3.       Opposite Party No.3 appeared through counsel and filed written reply taking preliminary objections, therein inter alia that the complaint is not maintainable; the complainant has not come to this Commission with clean hands. He has concealed, suppressed the material facts from this Commission. Averred that the complainant has filed a complaint against the answering opposite party no.3 bearing consumer complaint no. 4 of 2019 dated 11.01.2019 which was allowed by this Commission on 12.10.2021 regarding the same medical treatment/medical bills as alleged in present complaint. So, for not disclosing and concealing the fact regarding the previous litigation, the complaint of the complainant is liable to be dismissed with costs; the complainant is estopped by his own act and conduct. The complainant has earlier filed a consumer complaint no.4 of 2019 on the basis of medical bills and the same has been allowed and the answering opposite party no.3 has been directed to pay Rs.1,03,915.65NP to the complainant. The complainant has again filed the present complaint on the basis of same medical bills which has already been paid by the answering opposite party no.3 in the previous complaint no.4 of 2019. The complainant has not raised any fact of medical negligence by opposite party no.1 & 2 at the time of filing the earlier complaint. This shows that the present complaint is only an afterthought to harass the opposite parties and to abuse the process of law; the complainant has got no locus standi to file the present complaint against the answering opposite party; no cause of action arose to the complainant against the answering opposite; the complaint has been hopelessly barred by law of limitation.

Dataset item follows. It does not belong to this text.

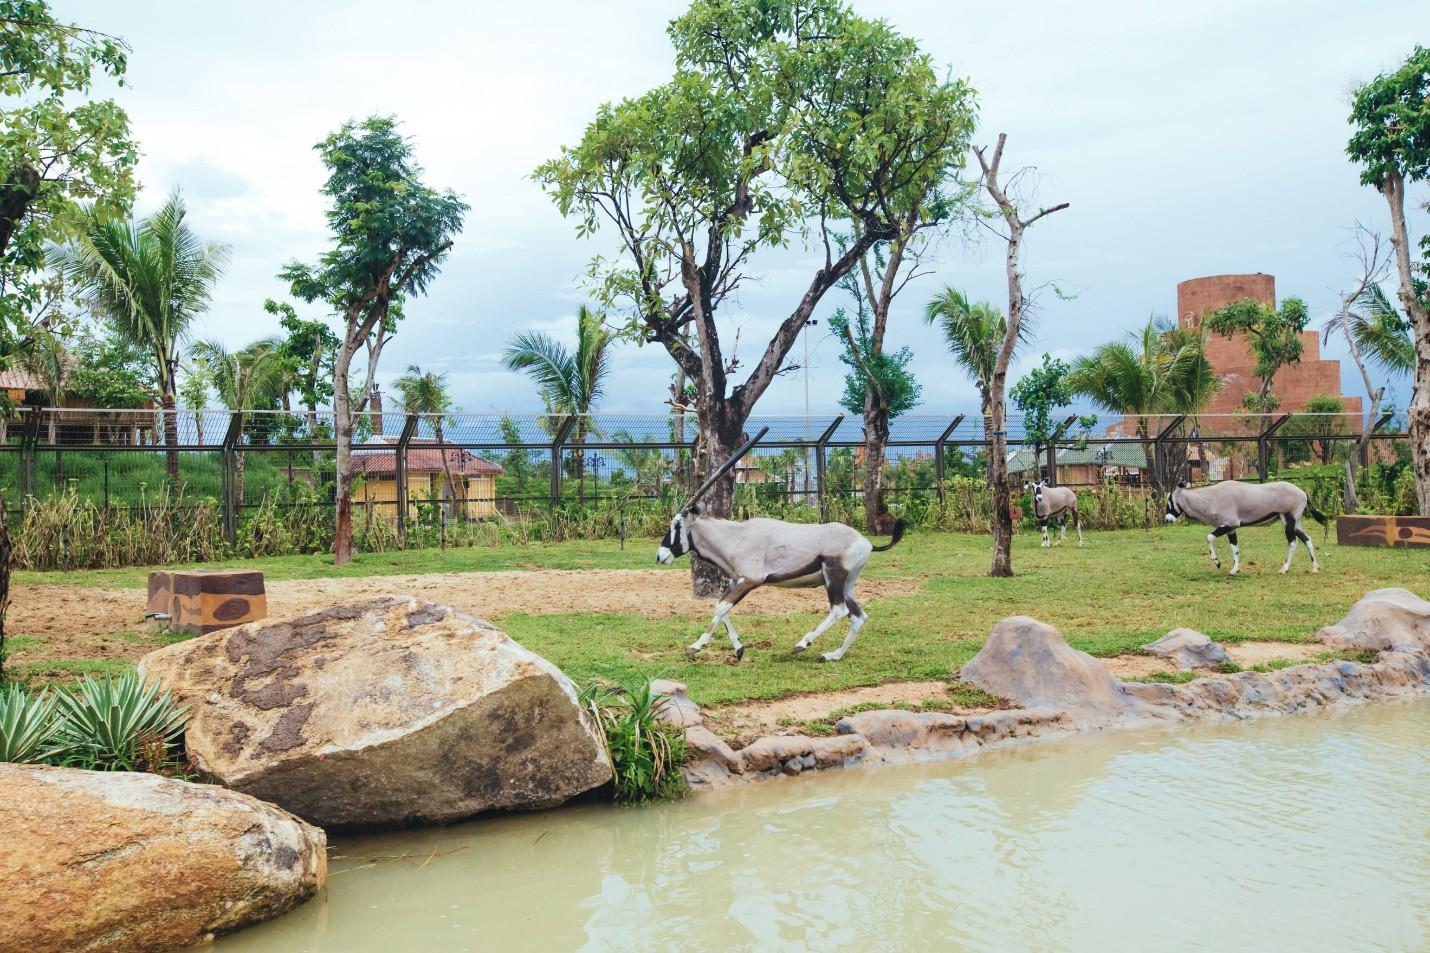 Một vòng khám phá River Safari - Công viên bảo tồn động vật hoang dã trên sông tại Hội An - Ảnh 1.

          Averred further that opposite party no.1 is insured with the answering opposite party vide insurance policy number 272200/48/2019/3194 for period 19.05.2018 to 18.05.2019 subject to insurance policy's terms and conditions on Claim Made Basis With Right to Defend. After that this policy was not renewed with the answering opposite party no.3. The incident was reported on 25.05.2023 after the expiry of the policy. As such, Opposite Party No.3 has no liability in the captioned case. On merits, all other allegations made in the complaint are denied and a prayer for dismissal of the complaint is made.

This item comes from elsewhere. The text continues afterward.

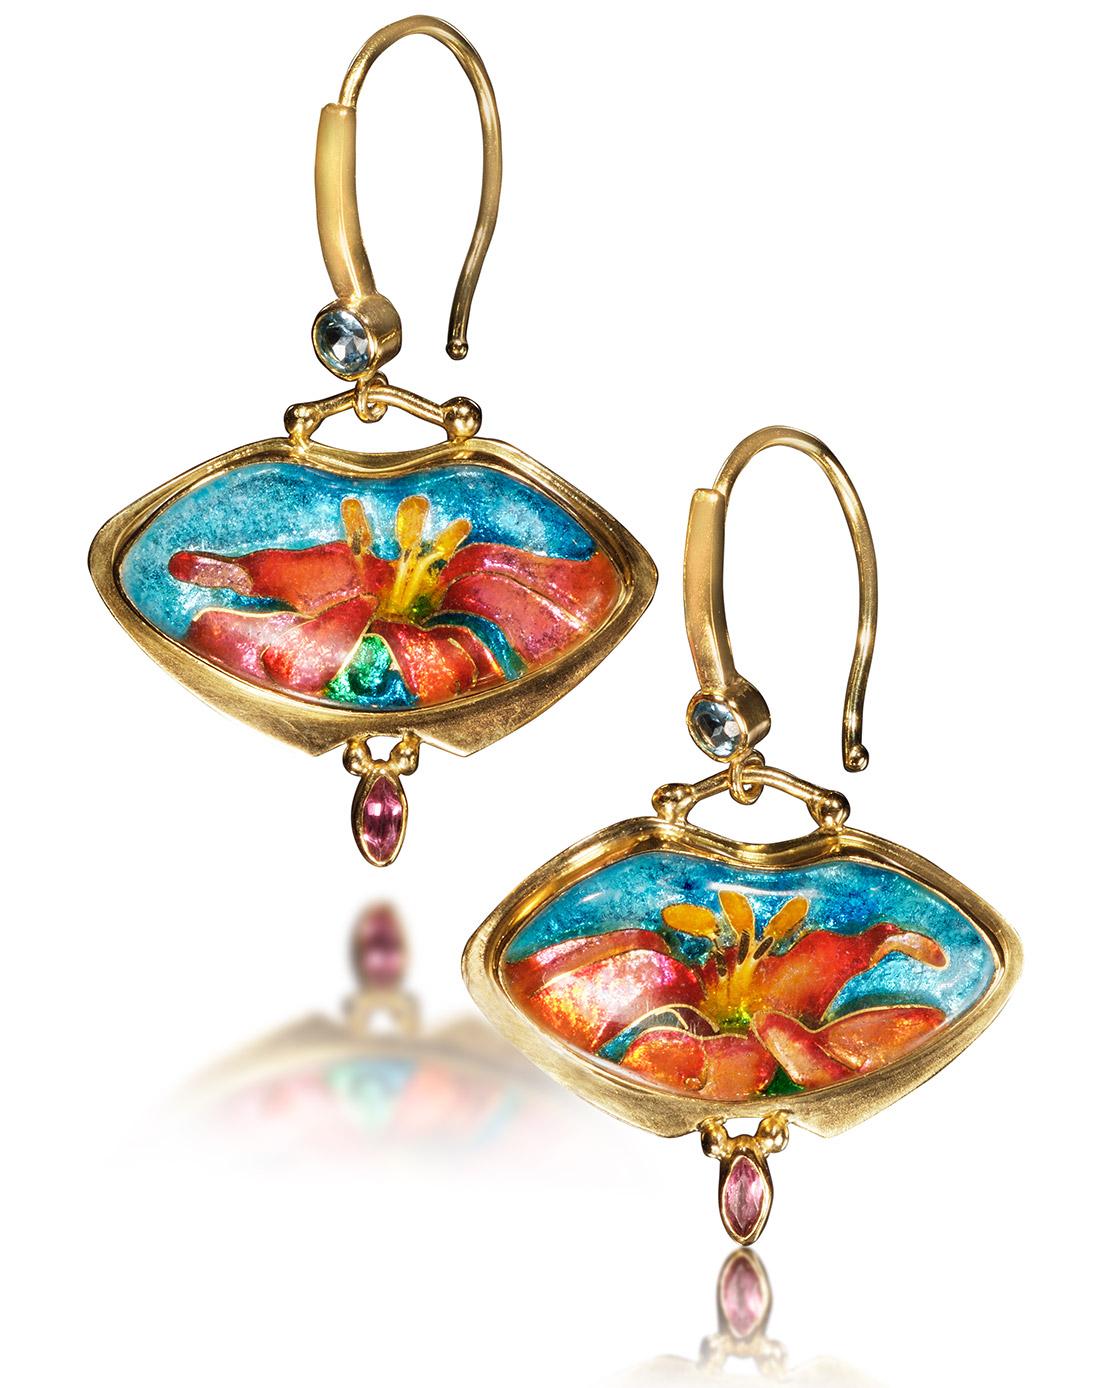 Cloisonne Jewelry | Earrings Canna | Enamel Jewelry by Patsy Croft

4.       Complainant has also filed replication to the written reply of Opposite Parties denying the objections raised by them in their written reply.

5.       In order to prove his case, the complainant tendered into evidence his affidavit Ex.C1 alongwith copies of documents Ex.C2 to Ex.C60.

6.       On the other hand, Opposite Parties tendered into evidence affidavits of Dr.Kulwant Singh as Ex.OP,2/1 to Ex.OP1,2/4 alongwith copies of documents Ex.OP1,2/5 to Ex.OP1,2/44. Whereas, Opposite Party No.3 tendered into evidence affidavit of Sh.Yash Paul, Manager Incharge, Legal Hub, Oriental Insurance Co. Ltd. Ex.OPs3/1 alongwith copies of documents Ex.OPs3/2 to Ex.OPs3/5.

7.         We have heard the ld. counsel for the parties, gone through the written arguments submitted on behalf of the complainant and also gone through the record.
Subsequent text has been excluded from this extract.